▶ _Directions for this task_:
Repeat the records word for word, excluding any picture.

▶ _Records from a dataset_:
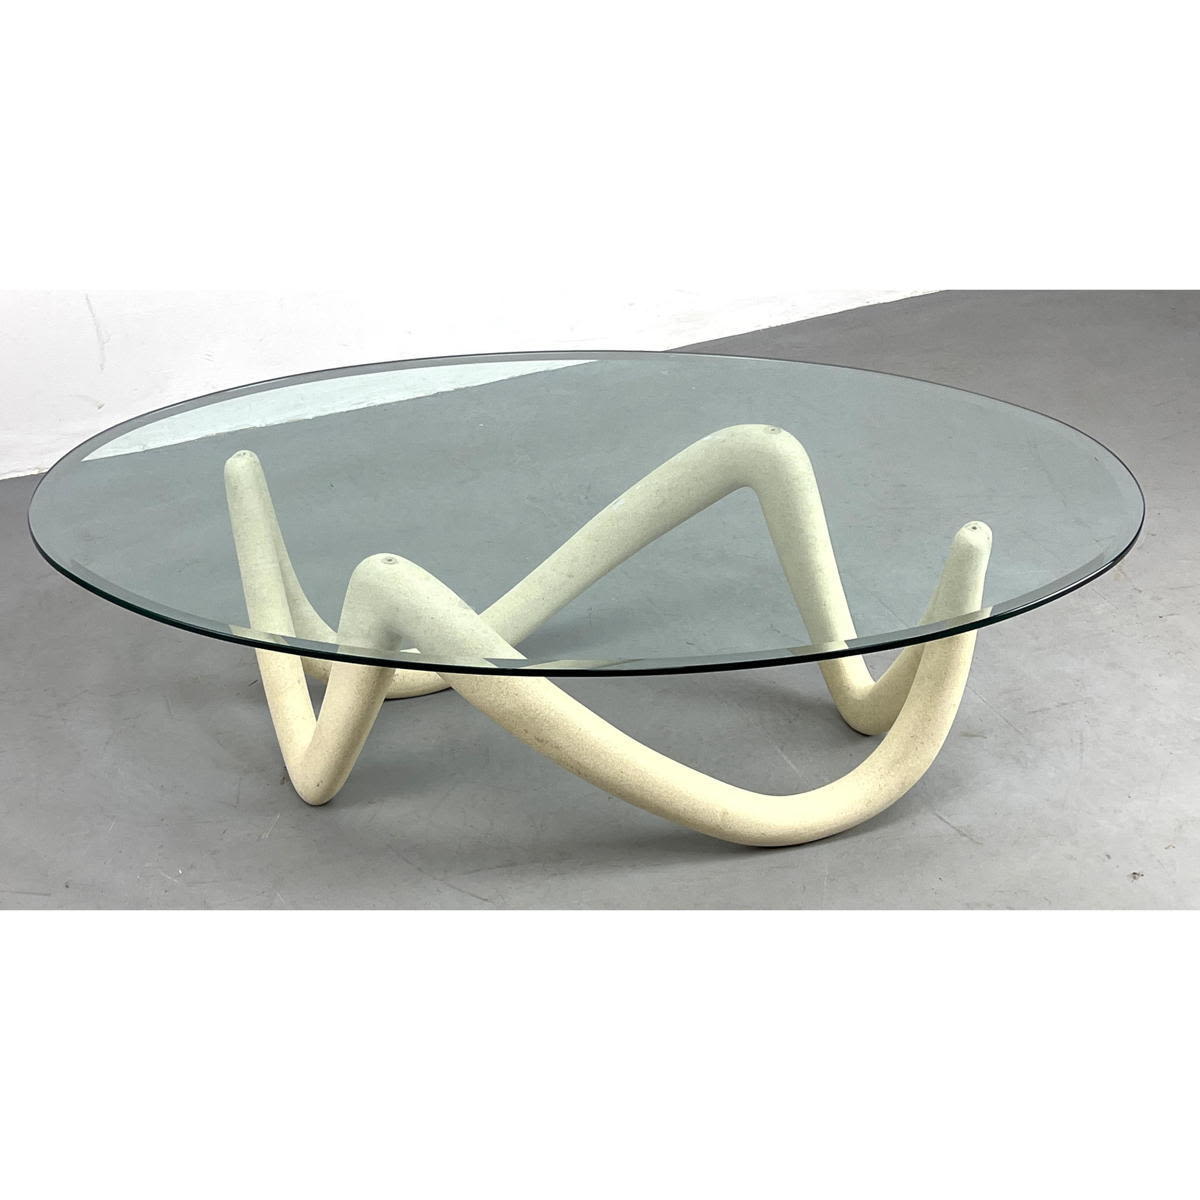 Modernist Coffee Table. Glass Top
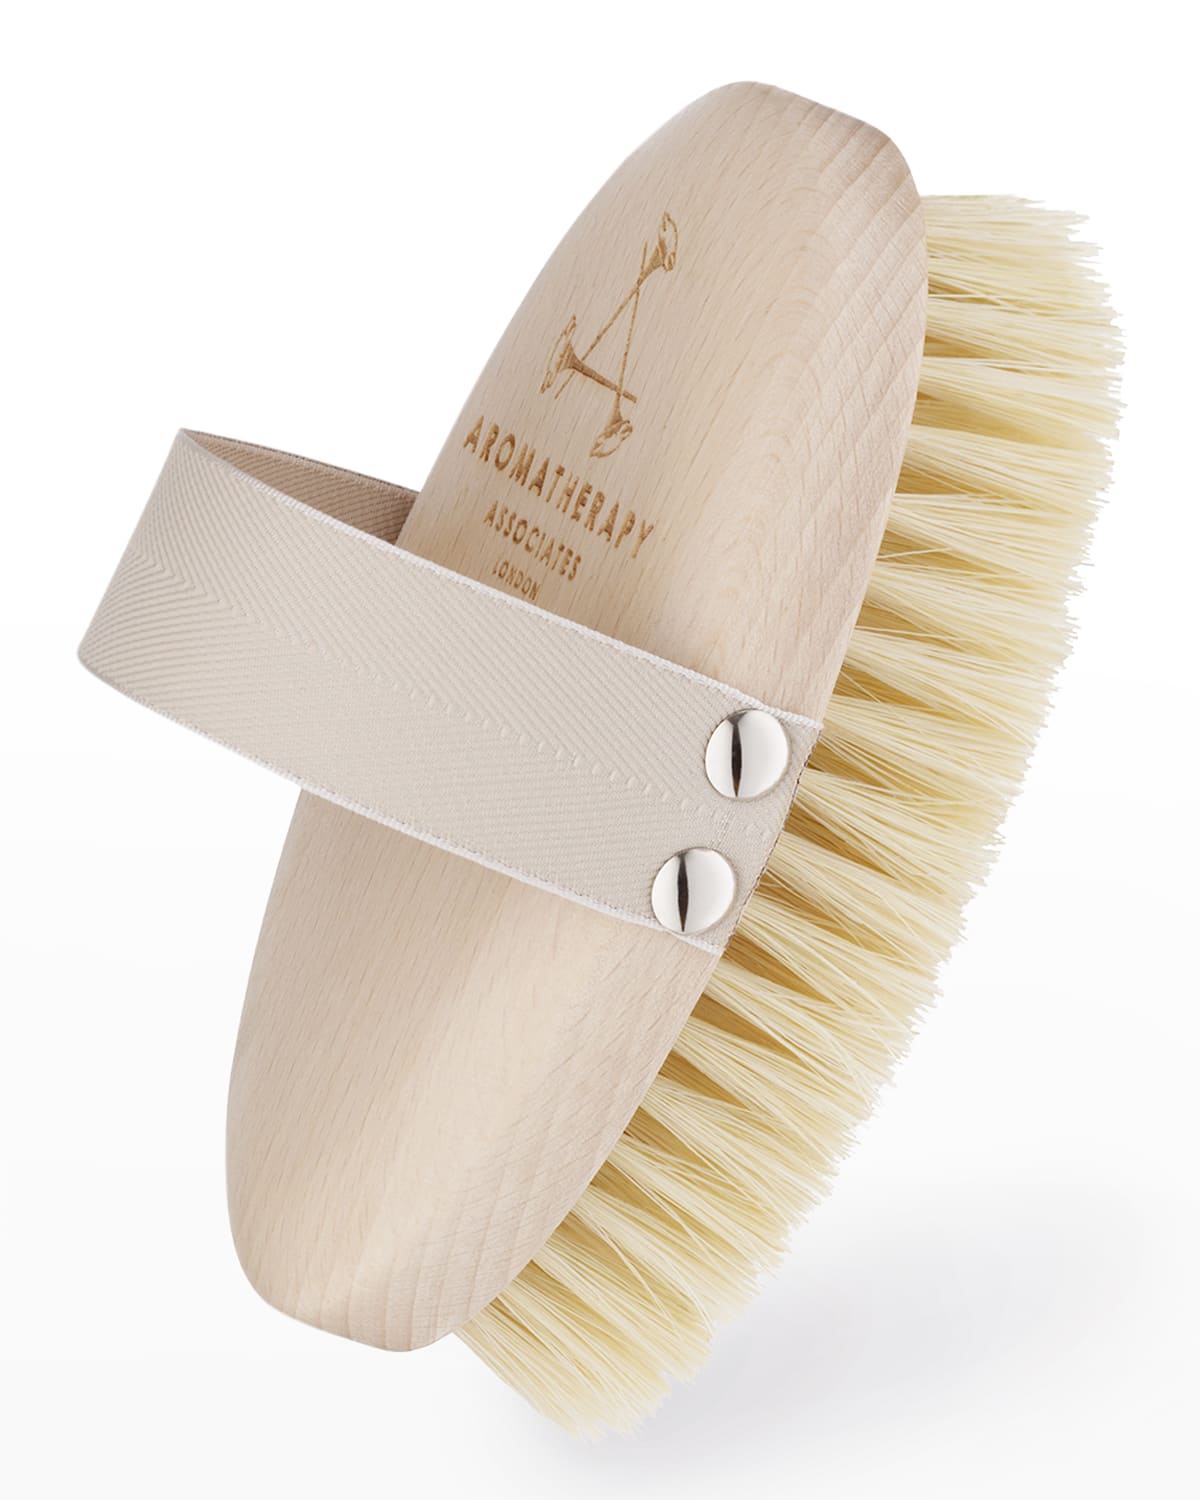 Revive Polishing Body Brush, Yours with any $75 Aromatherapy Associates Purchase
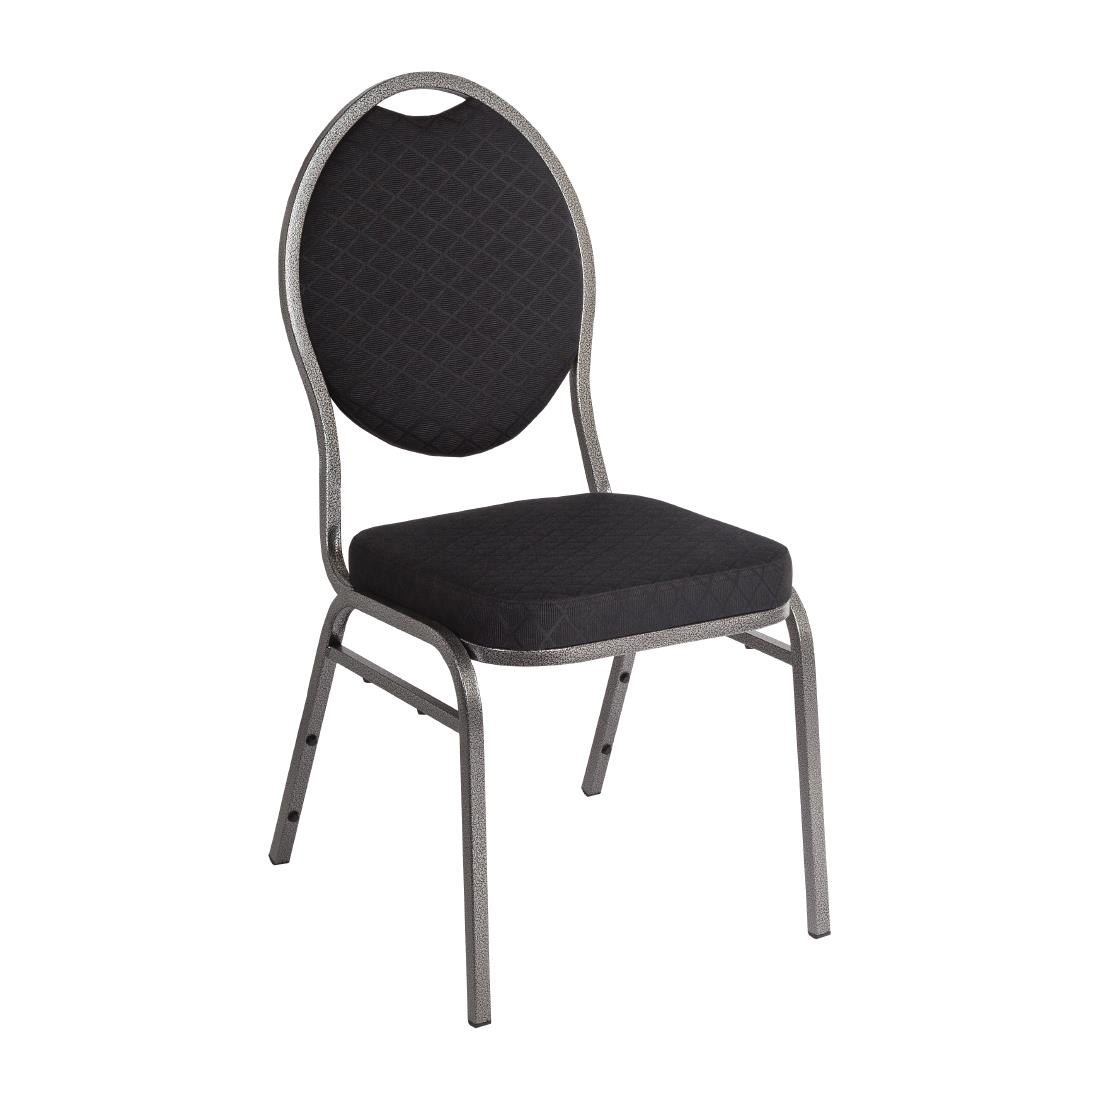 Oval Banqueting Chair - Black
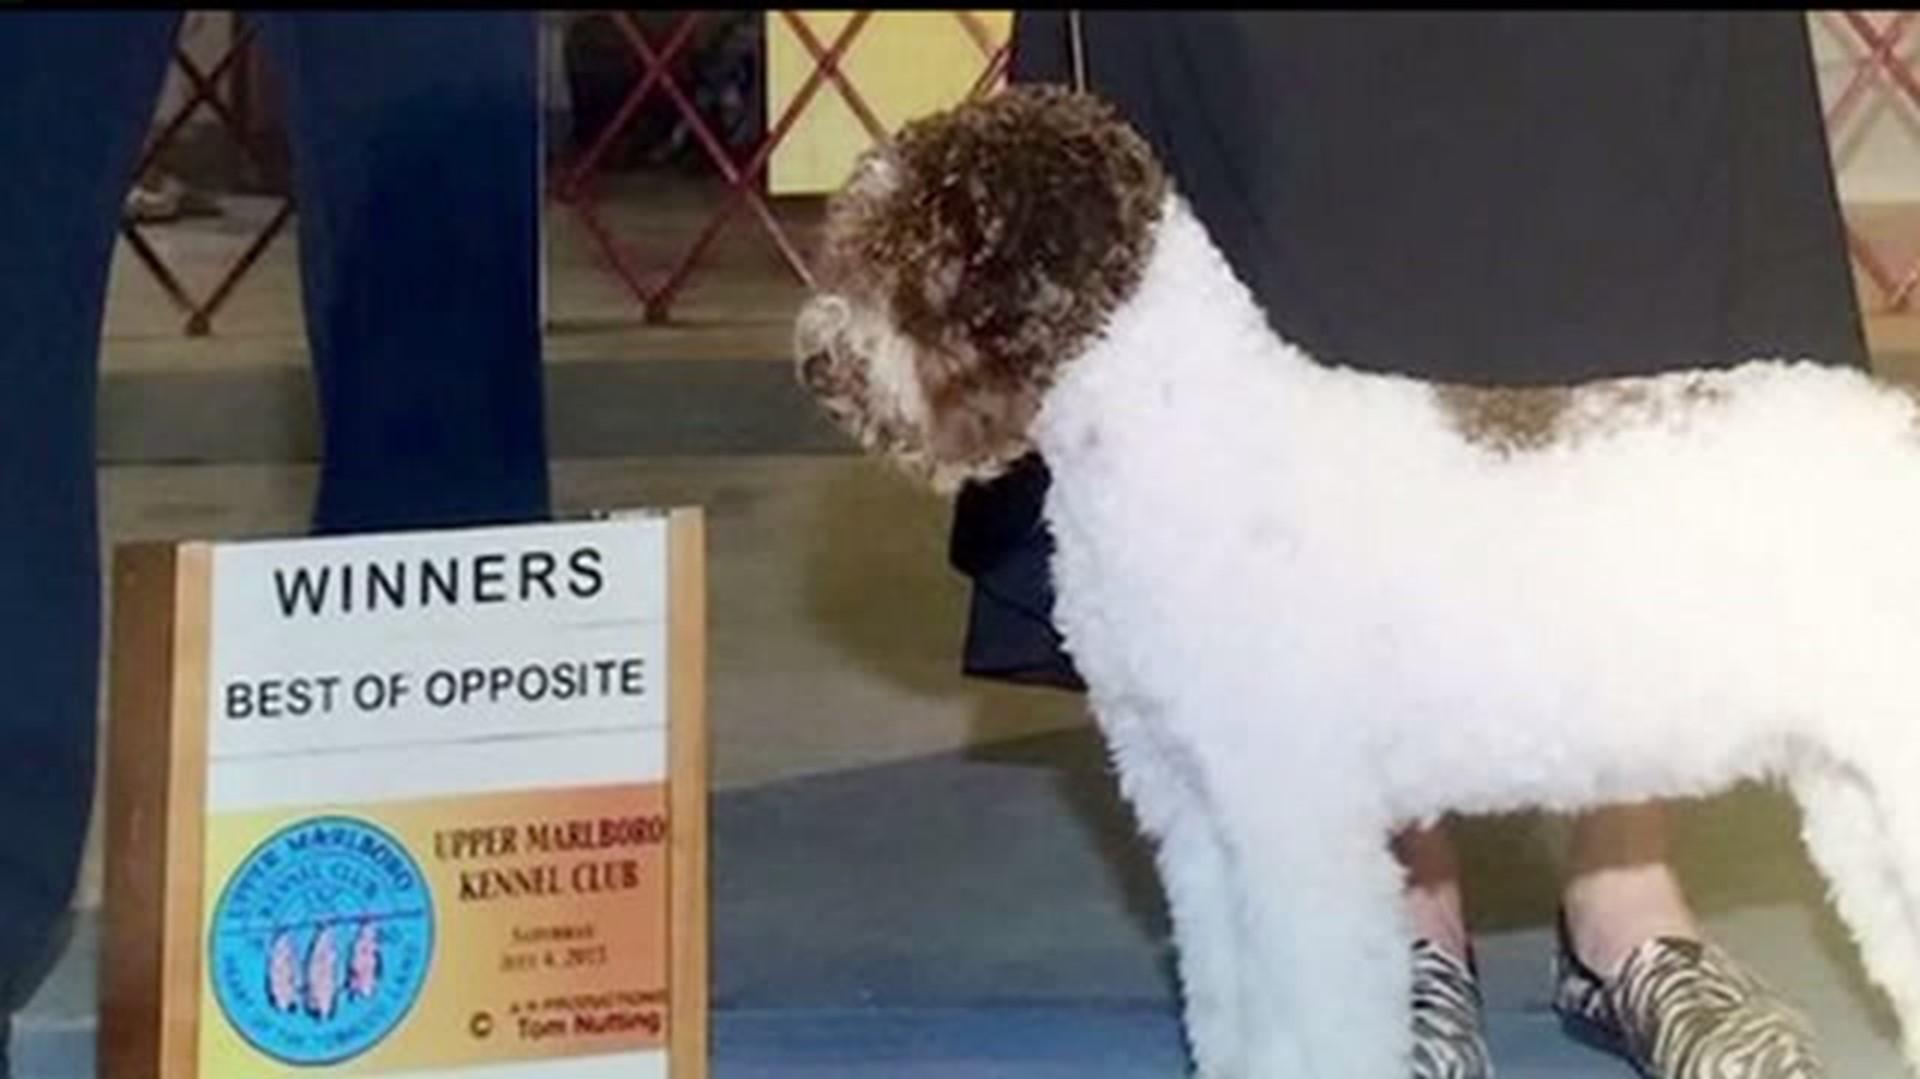 Lancaster County Woman Brings Back Awards From Westminster Kennel
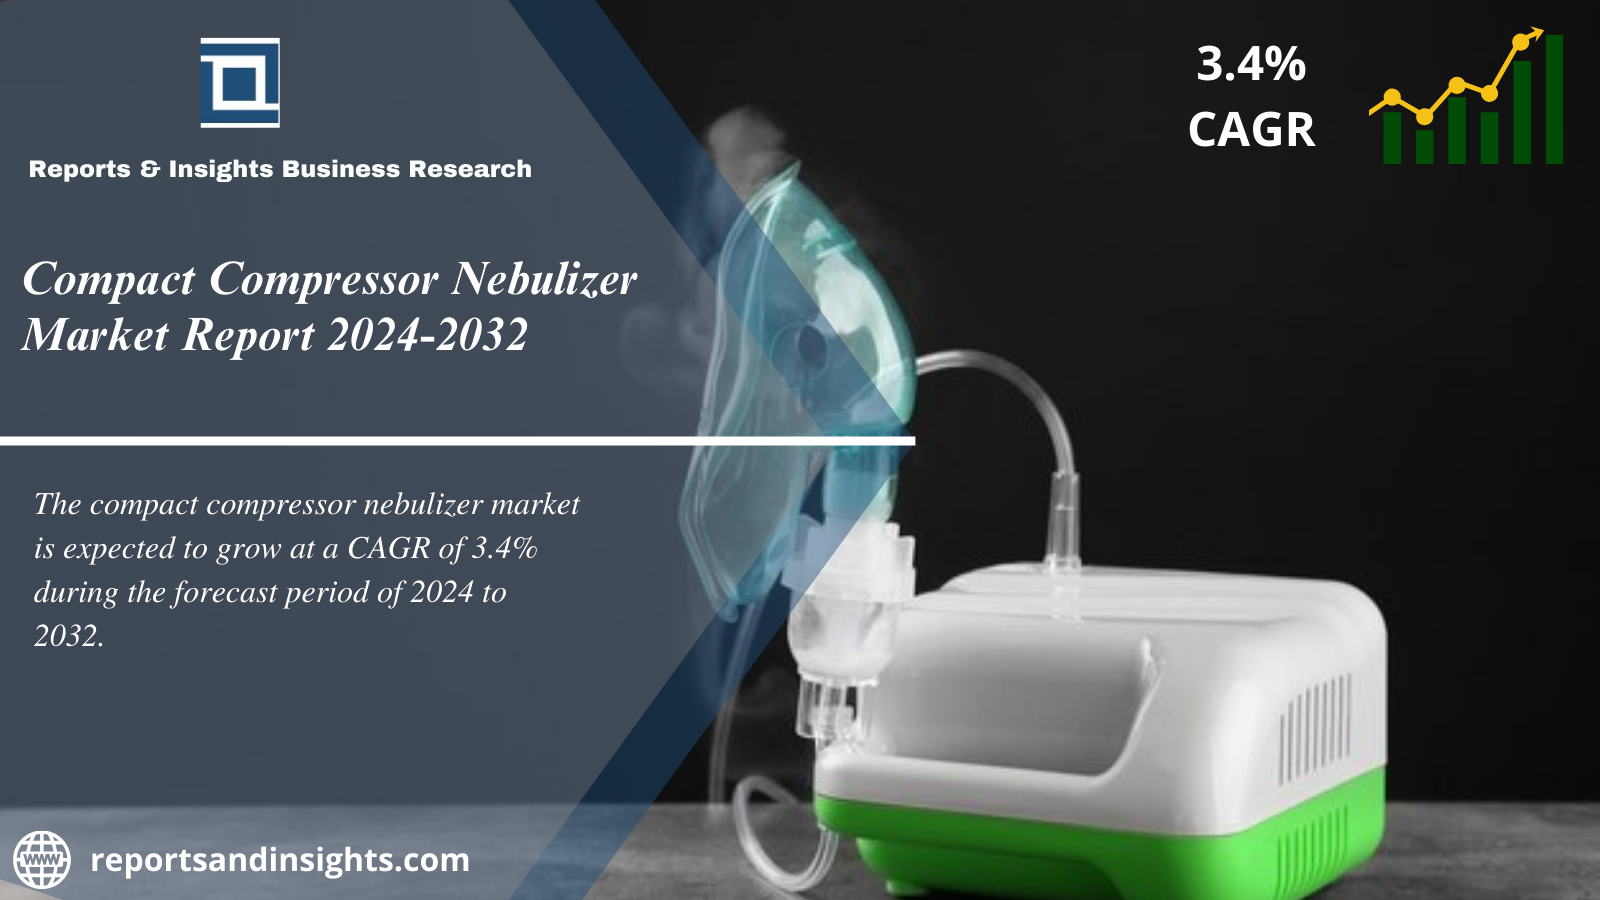 Compact Compressor Nebulizer Market Industry Overview, Growth, Trends, Share, Size, Demand and Analysis

▶ _Result for this task_:
 Modernist Coffee Table. Glass Top
 Revive Polishing Body Brush, Yours with any $75 Aromatherapy Associates Purchase
 Oval Banqueting Chair - Black
 Lancaster County Woman Brings Back Awards From Westminster Kennel
 Compact Compressor Nebulizer Market Industry Overview, Growth, Trends, Share, Size, Demand and Analysis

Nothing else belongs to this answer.